# Have any of you guys ever put emg's/blackouts in a PRS.



## daybean (Jun 23, 2008)

:
yeah i bought a PRS Custom 24 this past week and i was thinking of adding some emg's, and one with the 2 in 1 pickup (for cleans sounds). the guitar looks great and since its mahogany wood why the fuck not, i know the pickups in the guitar allready sound great, but im more of a hard rock, metal kinda sounding player. ive seen some PRS guitars with the emgs and they sure look cool but how do they sound in a PRS.

Would this be a good idea?  or 
Am i  or ?
do i ,  or am i  as


----------



## OrsusMetal (Jun 23, 2008)

Hahaha, the last of this post made me laugh.

Do it! I'd do it. So...with that logic...you should do it!  
I think it'd sound awesomely heavy.


----------



## daybean (Jun 23, 2008)

OrsusMetal said:


> Hahaha, the last of this post made me laugh.
> 
> Do it!
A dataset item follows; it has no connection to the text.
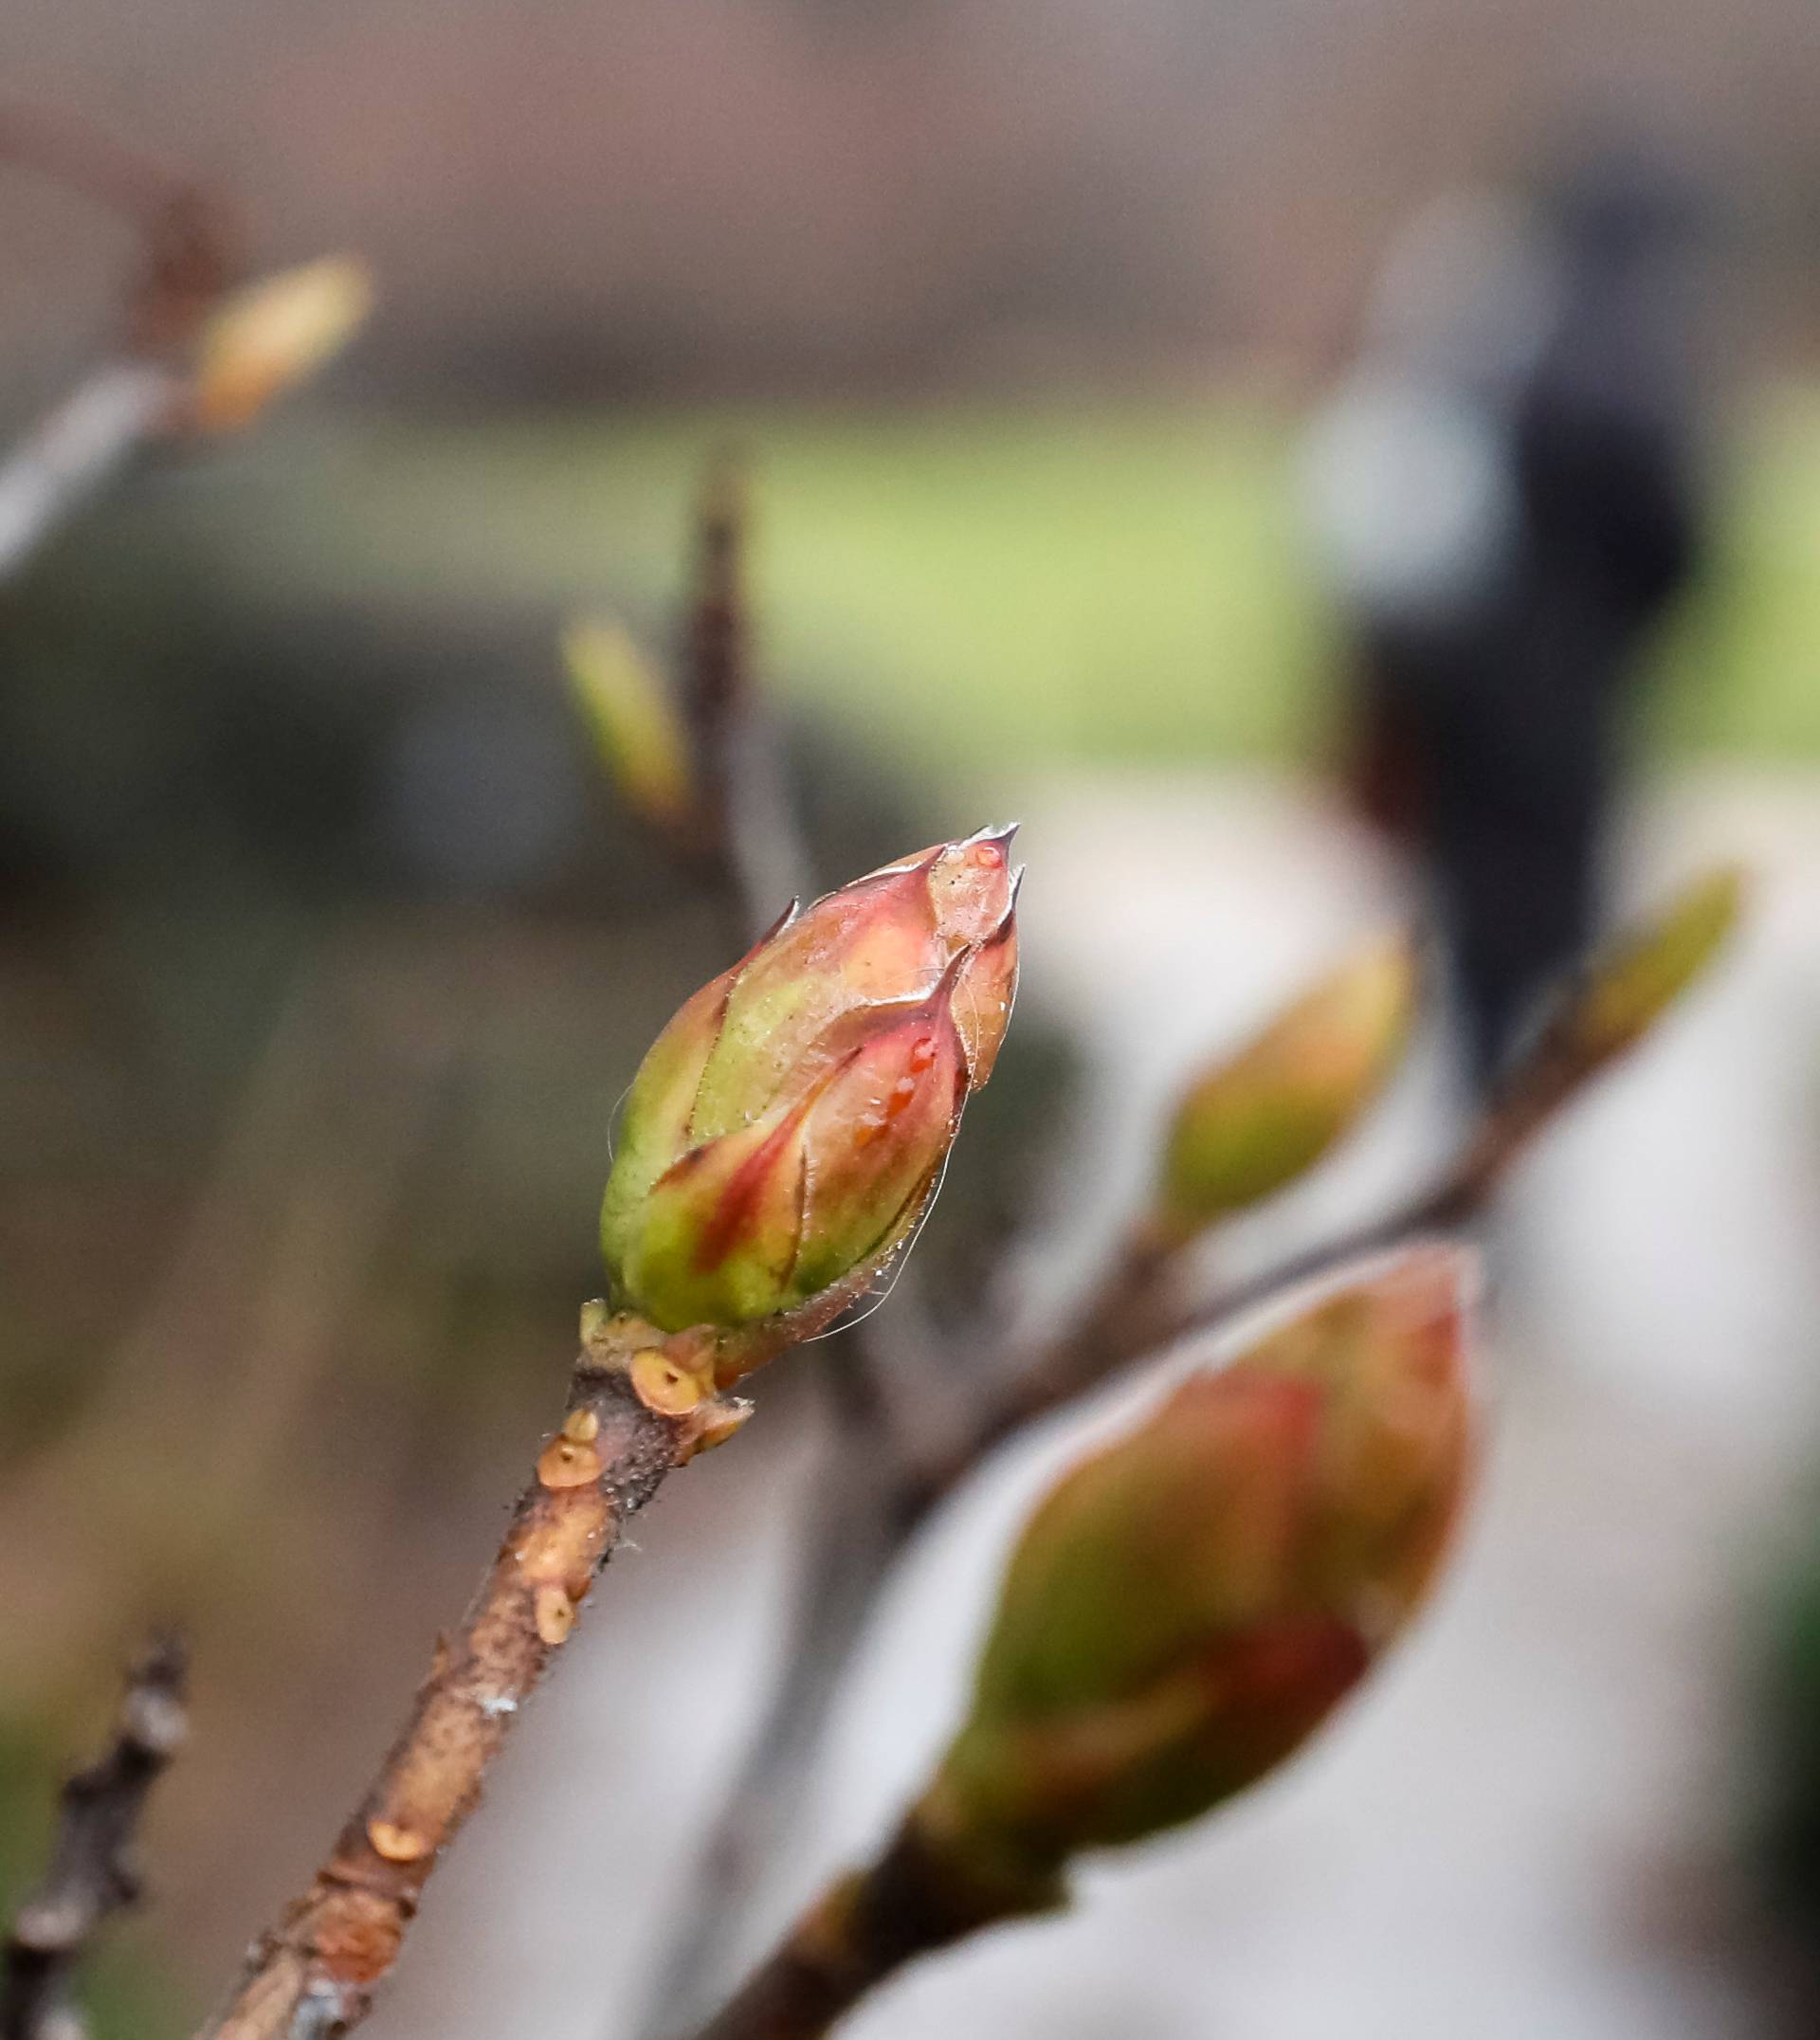 A view shows tree buds in the Apothecary Garden in Moscow

I'd do it. So...with that logic...you should do it!
> I think it'd sound awesomely heavy.



your logic has just blow my mindhole, and made me second quess my emg switch!!!..........just kidding. i would imagine they will get an even better tone with the great wood and craftmenship the guys over at PRS put into their 3000 dollor guitar customs.


----------



## guitarjitsumaster (Jun 23, 2008)

Seems like a blasphemous thing to do to a PRS..........SO DO IT! do it now!!!


----------



## daybean (Jun 23, 2008)

this was the guitar i was to get, but the guy said he wanted the cash like in three days. paypal takes like 4,5 days to transfer money into the paypal. he gave me a super good deal (under 2000 bones) but then he sold it the next guy for almost 600 dollors more.


----------



## Thrashmanzac (Jun 23, 2008)

my mate has emg's in a tremonti prs, and he swares by it, the only thing he had trouble with was the rotory switch on the prs, so be wary


----------



## HighGain510 (Jun 23, 2008)

Thrashmanzac said:


> my mate has emg's in a tremonti prs, and he swares by it, the only thing he had trouble with was the rotory switch on the prs, so be wary



That's impossible... unless your friend added an aftermarket rotory switch himself, the Tremonti does not have one.  The Tremonti has a Les Paul control config with a 3-way toggle, two volume and two tone pots.


----------



## djpharoah (Jun 23, 2008)

I personally wouldn't put emgs in a PRS because EMGs are known to almost totally disregard the woods natural tone. PRS guitars are great sounding guitars which shouldbe exploited with some awesome pickups. Save your money get some BKPs or something passive. Putting EMGs in a PRS is like neutering it. My


----------



## Nick1 (Jun 23, 2008)

djpharoah said:


> I personally wouldn't put emgs in a PRS because EMGs are known to almost totally disregard the woods natural tone. PRS guitars are great sounding guitars which shouldbe exploited with some awesome pickups. Save your money get some BKPs or something passive. Putting EMGs in a PRS is like neutering it. My



Ding Ding Ding What do we have for him Johnny? 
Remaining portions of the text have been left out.